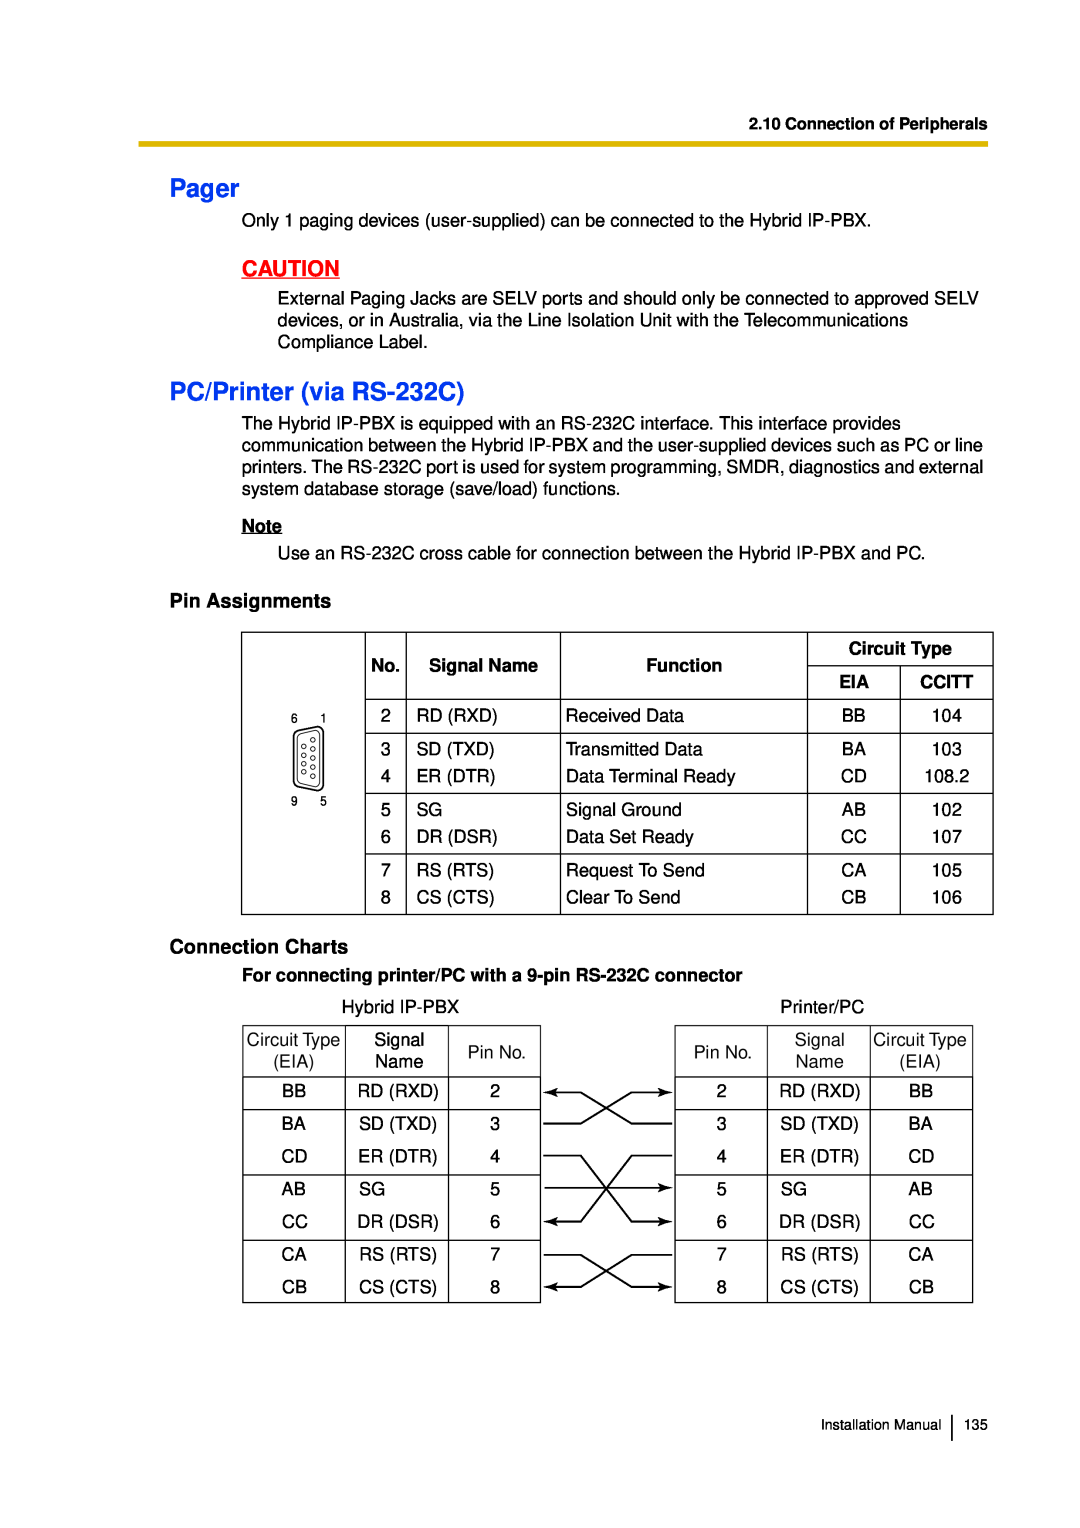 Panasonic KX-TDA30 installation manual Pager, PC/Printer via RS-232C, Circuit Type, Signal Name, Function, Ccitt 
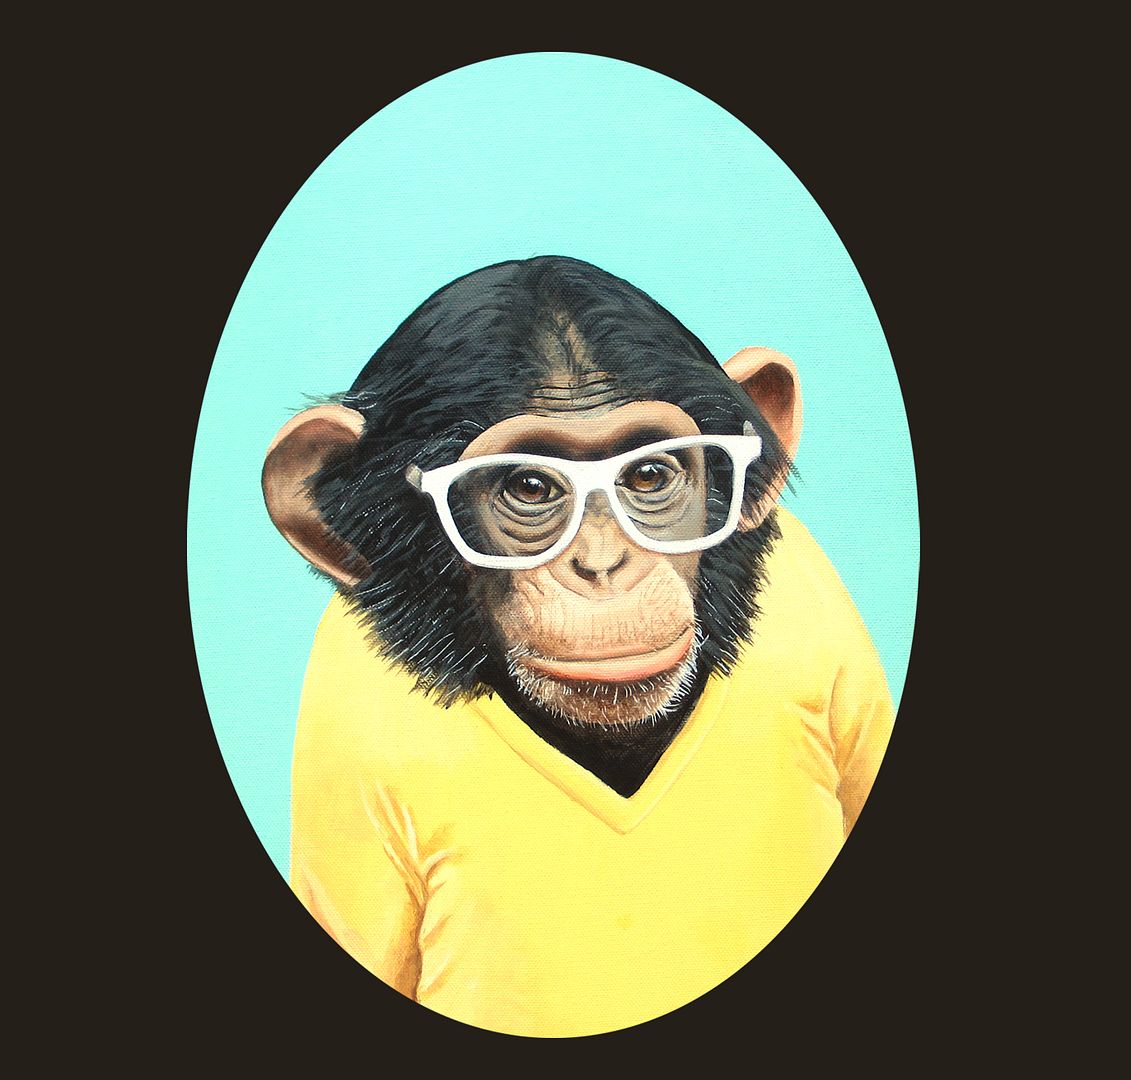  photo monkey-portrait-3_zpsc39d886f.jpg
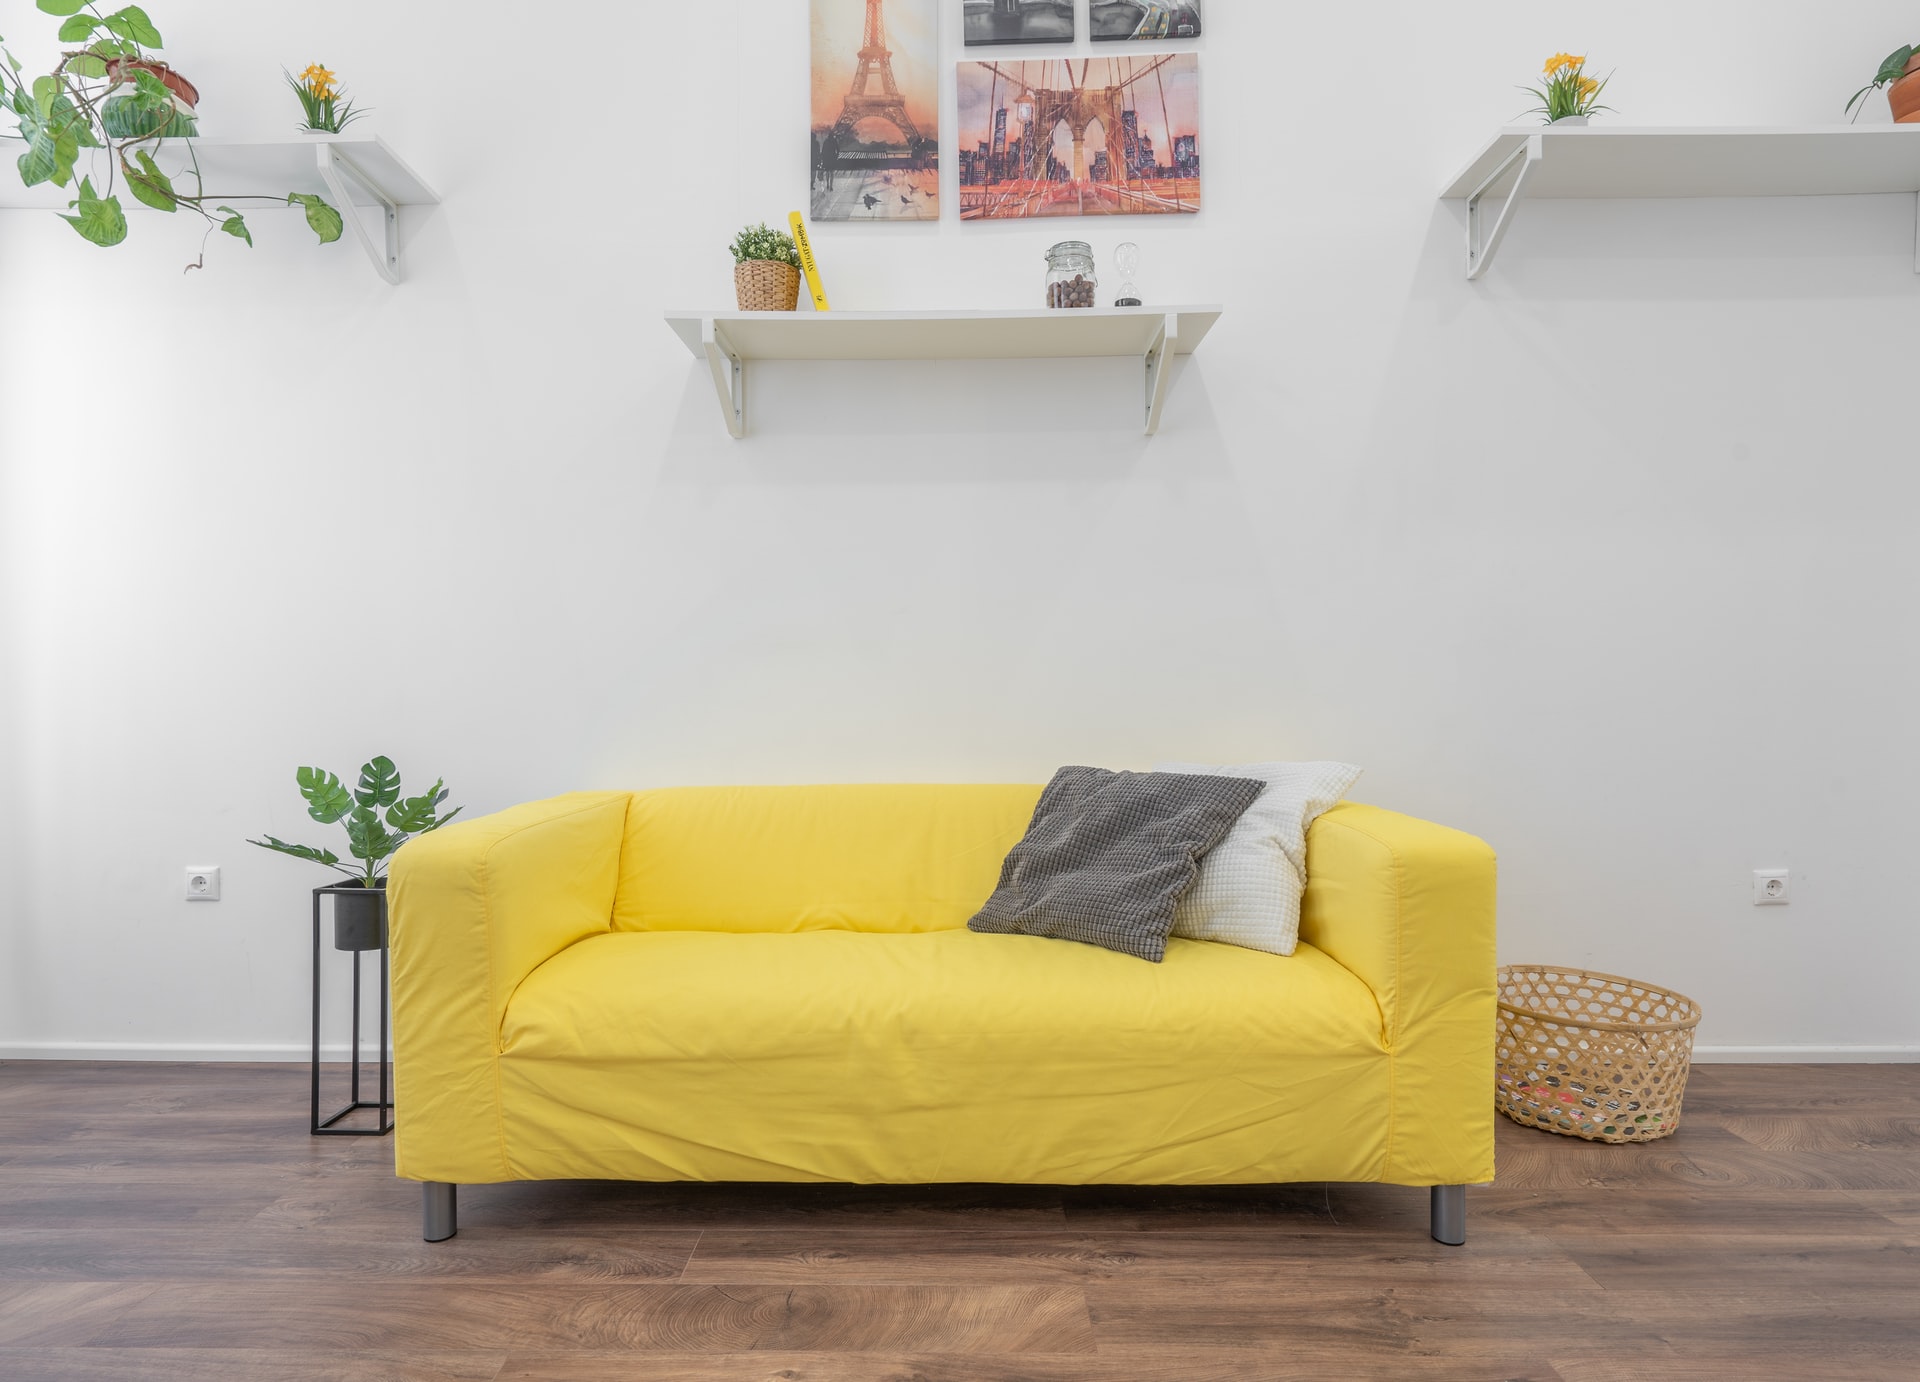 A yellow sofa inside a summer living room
++++++++++++++++++++
• **Your task**
What the reply must contain is an exact transcription of the data above and none of its pictures.

• **Your response**
 Panasonic KX-TDA30 installation manual Pager, PC/Printer via RS-232C, Circuit Type, Signal Name, Function, Ccitt 
  photo monkey-portrait-3_zpsc39d886f.jpg
 A yellow sofa inside a summer living room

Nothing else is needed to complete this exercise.